Day 1 Training at AcdiVoca Headquarters


Today we trained around 20 AcdiVoca staffers ranging from senior staffers to agronomists to data entry personnel to doctors. It was quite an experience.  The morning session was done in English but the afternoon session was done in French and Creole.  Alex and I shared the French explanations and Eldivert Savoit did most of the heavy lifting in Creole.

Training Acdi/Voca staff at Headquarters in Jacmel.

Training Acdi/Voca staff at Headquarters in Jacmel.

We were supposed to start at 10:00 AM, but we didn’t arrive at the headquarters until close to 8:30.  That left us only an hour and a half to get the phones initialized and to test the system — clearly not enough time. (We thought we were going to do that yesterday afternoon or last evening.)   Our challenge was compounded by the fact that the room we were presenting in had very poor cell phone reception.  We worked furiously to get the phones set up.  That entailed putting SIM cards in the phones, initializing the SIM cards, installing the application, making sure the app’s database was wiped clean.

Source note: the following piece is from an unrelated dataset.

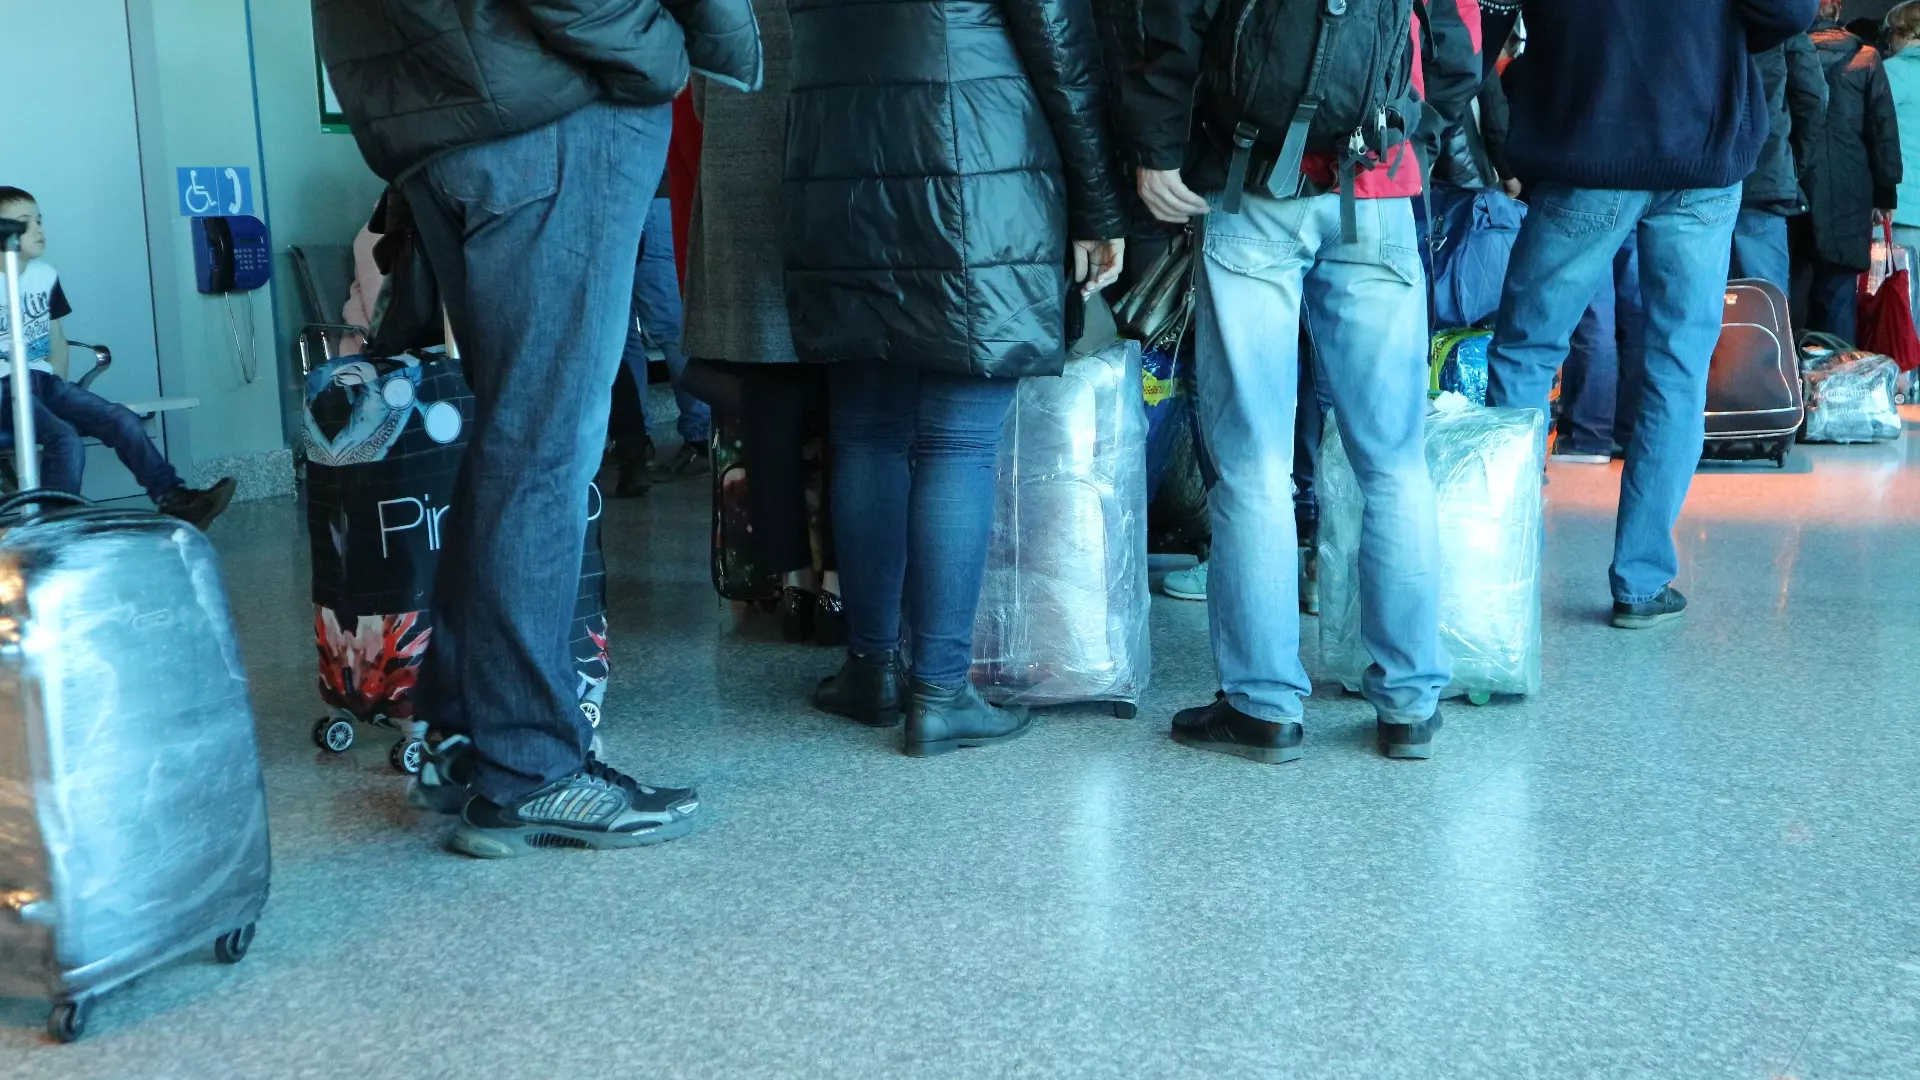 Аэропорт Ямала бесплатно обслужит семьи жертв теракта в бизнес-залах
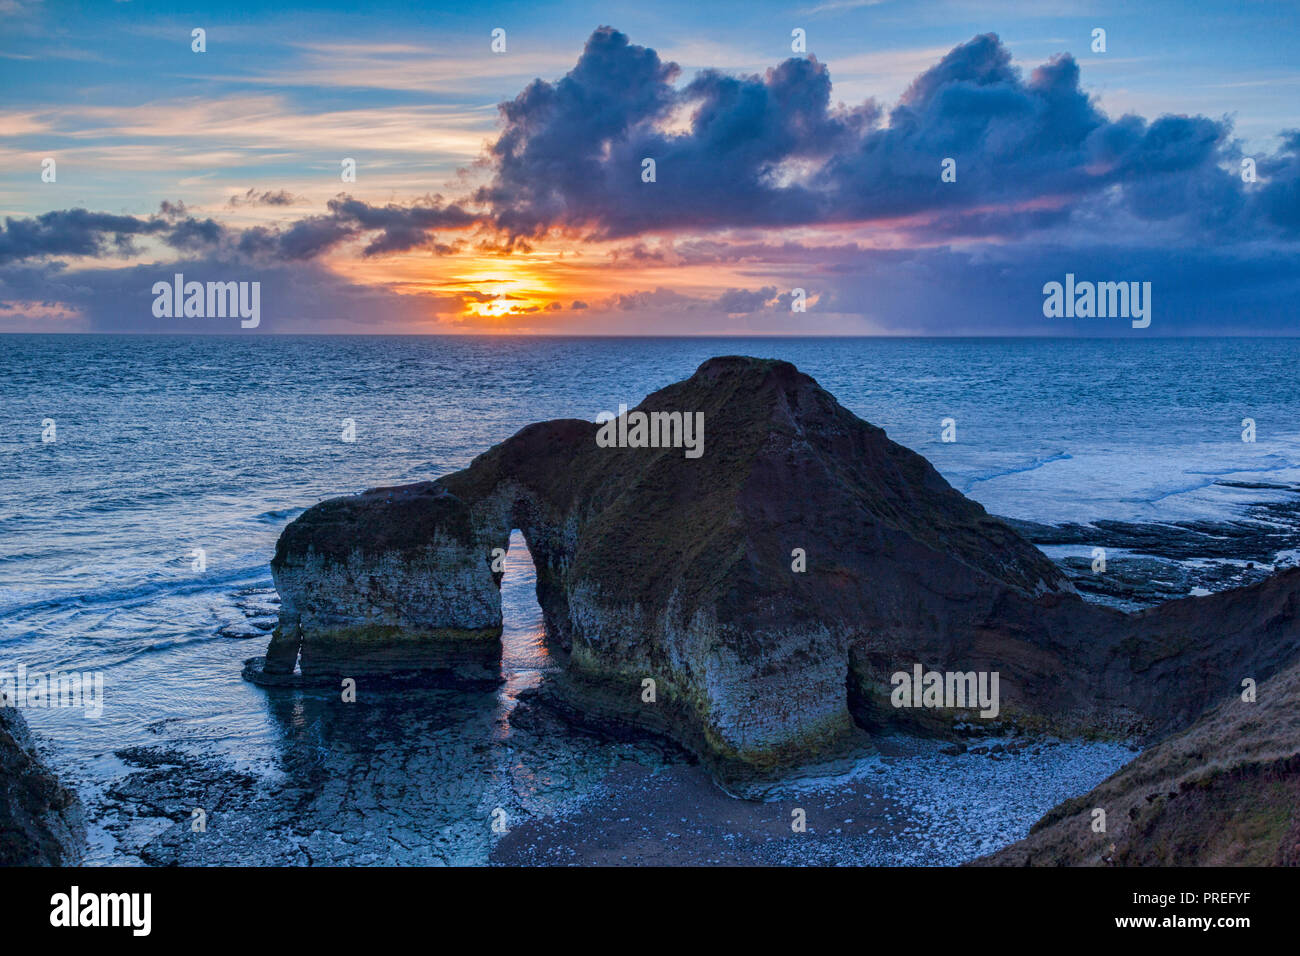 Kalkstein Formation, wie die Dinosaurier, Flamborough Head, East Yorkshire, England, UK, sunrise bekannt. Stockfoto

Given that we didn’t have time to install our own modem, we first tried using my Google Voice account to receive the SMS messages.  That worked intermittently and then only in other parts of the building (or so it seemed).  So 10:00 AM came and we were still scrambling to get the system ready for the hands-on training.   Finally around 10:30 we had enough phones working and we did a quick “trial run” of the training.  That worked fairly well.  So we started the session.

I think most of the attendees (except for Emmet) were fairly skeptical of this whole idea.  But after they saw how the system worked they seemed to warm up a bit.  By the end of the session they were debating some of the features among themselves — e.g., should the land units be in square meters or carreau and should the phone user have to enter the date of the first food distribution for a beneficiary.   Lots of interesting discussions and back and forth. We ended up with a list of around 15 or so items that we will eventually revise — mostly small things like translations but a couple of substantial changes, only some of which we will be able to do while we’re here.

One of the things we discovered during the AM session was that using the Google voice account was not reliable so we switched to a local number.  That improved things a lot, although most messages we sent from inside the room were tagged as “pending” meaning the phone was unable to send them due to lack of service.  We were able to send these from the patio during lunch.

The PM session involved 13 doctors, nurses, data entry staffers, and agronomists, some of whom had traveled from 4-5 hours away and were spending the night in Jacmel.  I did a brief overview of HFOSS in French. Alex did some introductions.  We then showed the screen cast videos that the HFOSS students made on Monday, which were translated into Creole by my Haitian colleague, Prof. Leslie Desmangles.  They came out terrific!

We then talked Eldivert into starting off the training by showing them how to use the device.  He seemed to enjoy it so he continued on to show them how the app works.  It went pretty well. And the app performed pretty well, despite the poor service within the room.

Trishan spent most of the day hassling with trying to get the modem/server set up.  There seems to be a problem with Digicel’s compatibility with the modem.  We’re still working on it.  Tomorrow 30 auxiliary nurses arrive for all-day training in Creole.